I'm realizing that my mother is being utilized in heaven for numerous souls and in multitudinous aspects of God's love and His word, will, and way.  God has blessed my mother.  Praise God for His mercy and loving kindness, for His care and favor upon my mother.  Thank you, Mom!  Thank you, Lord!

God bless His Real Presence in us, here and there, everywhere!


Cardinal Charles Journet (1891-1975)

theologian
Conferences given at Geneva between 1972 and 1974 on St. John's gospel. (Text published by the Cardinal Journet Foundation, pp.181-182, rev.)

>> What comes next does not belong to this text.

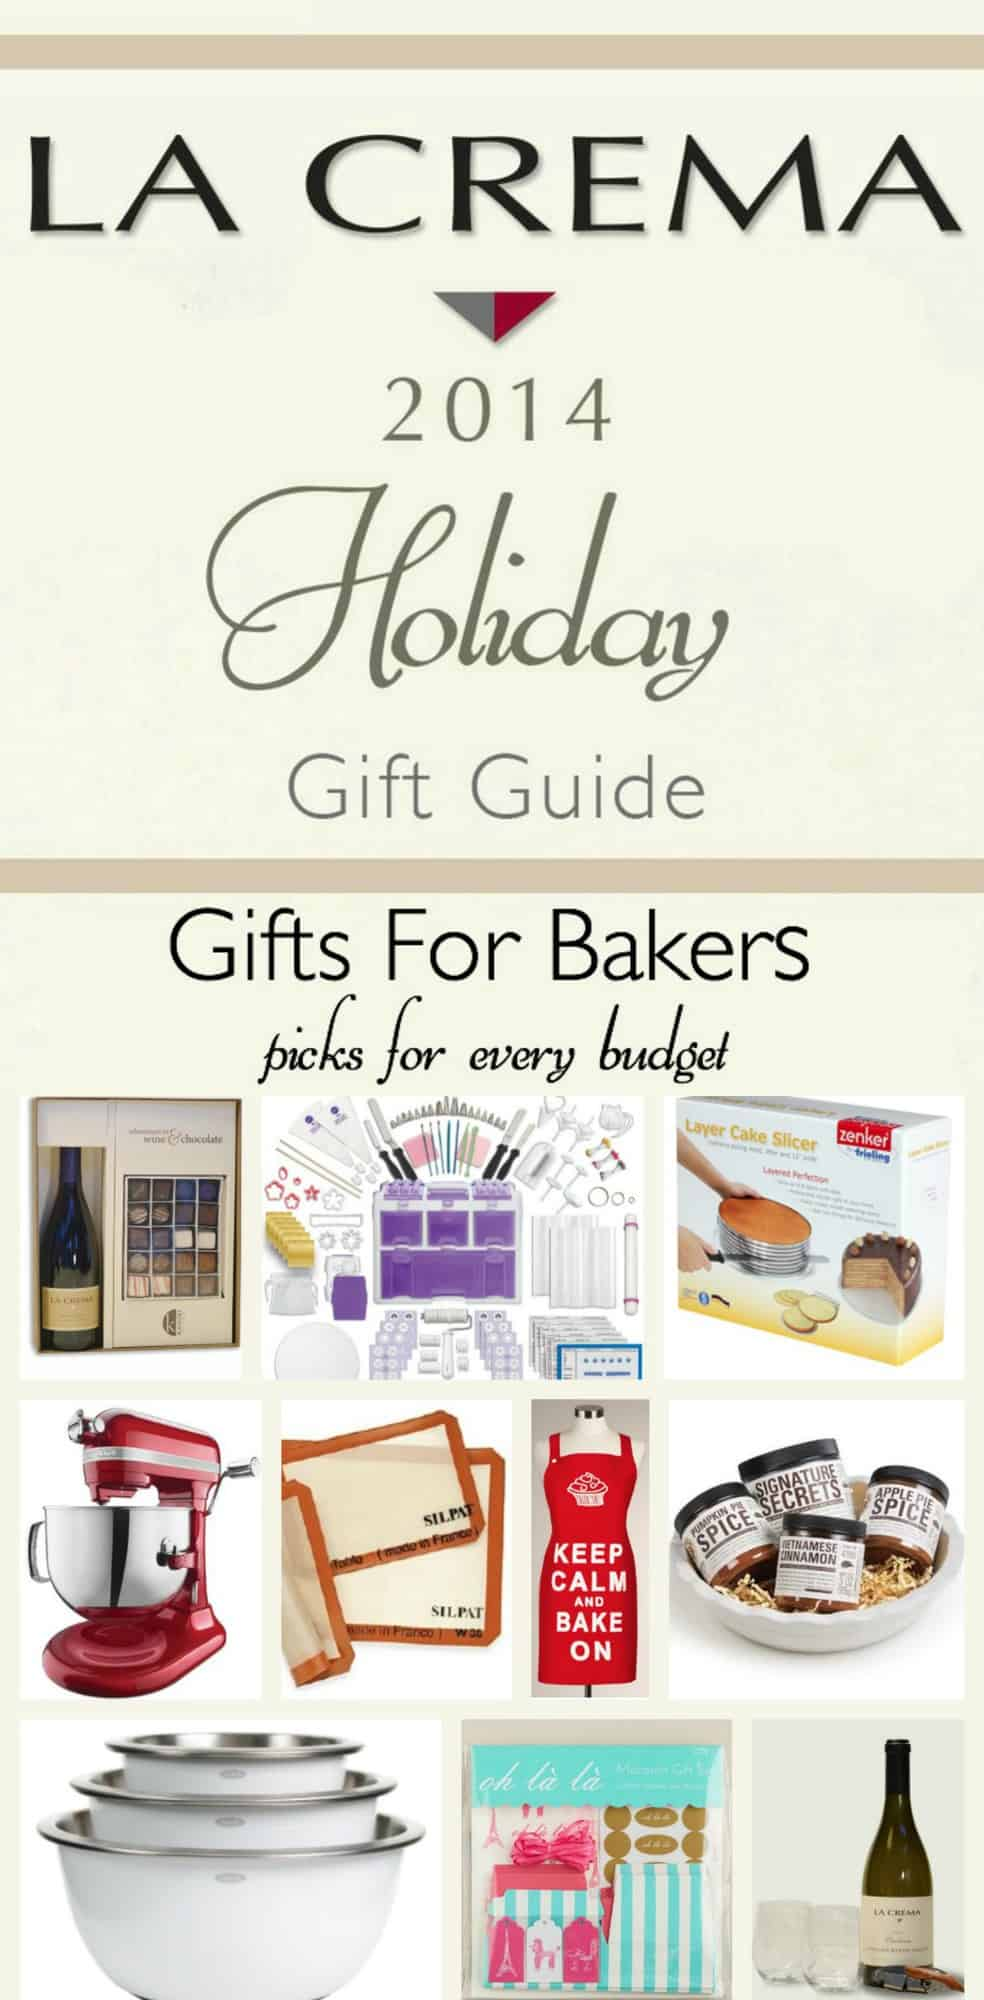 La Crema Holiday Gift Guide 2014 - Baking Guide

Blessed is she who has been your mother

Jesus was speaking to the crowd. Some of them did not understand and were debating and a woman said: "Blessed is she who has been your mother and bore you!" A woman who shouts that out, it's marvelous, things like that! Ordinary people in the authentic, how profound! This is the moment when Jesus will say: "Blessed rather are those who hear the word of God and obey it!" He wants to move away from that family environment - today one would speak of one's "circle". In mountainous districts or the countryside, family bonds are very close, they form a kind of little tribe. Jesus distances himself from that. Someone said to him: "Your mother and your brothers are waiting outside — Who is my mother? Who are my brothers? Those who do the will of God" (cf. Lk 8:20-21) — he establishes a society that is trans-natural, not founded on shared sensibilities, social conditions of class and origin. No, it's another thing altogether. To this woman he will say: "Blessed rather are those who hear the word of God and obey it!" But the woman had listened to the word of God since she had said to him: "Blessed is she who has been your mother!" (Lk 8:19-21; 11:27-28). It is not blame that Jesus directs at her, on the contrary, it is a confirmation, saying: 'Blessed are you for having understood that there is something greater than familial relationships, something which adds to familial relationships what they are capable of bearing of light when they are received, but which are of another order.' Well then! See what has been proclaimed to us, what the saints have understood and which they have lived.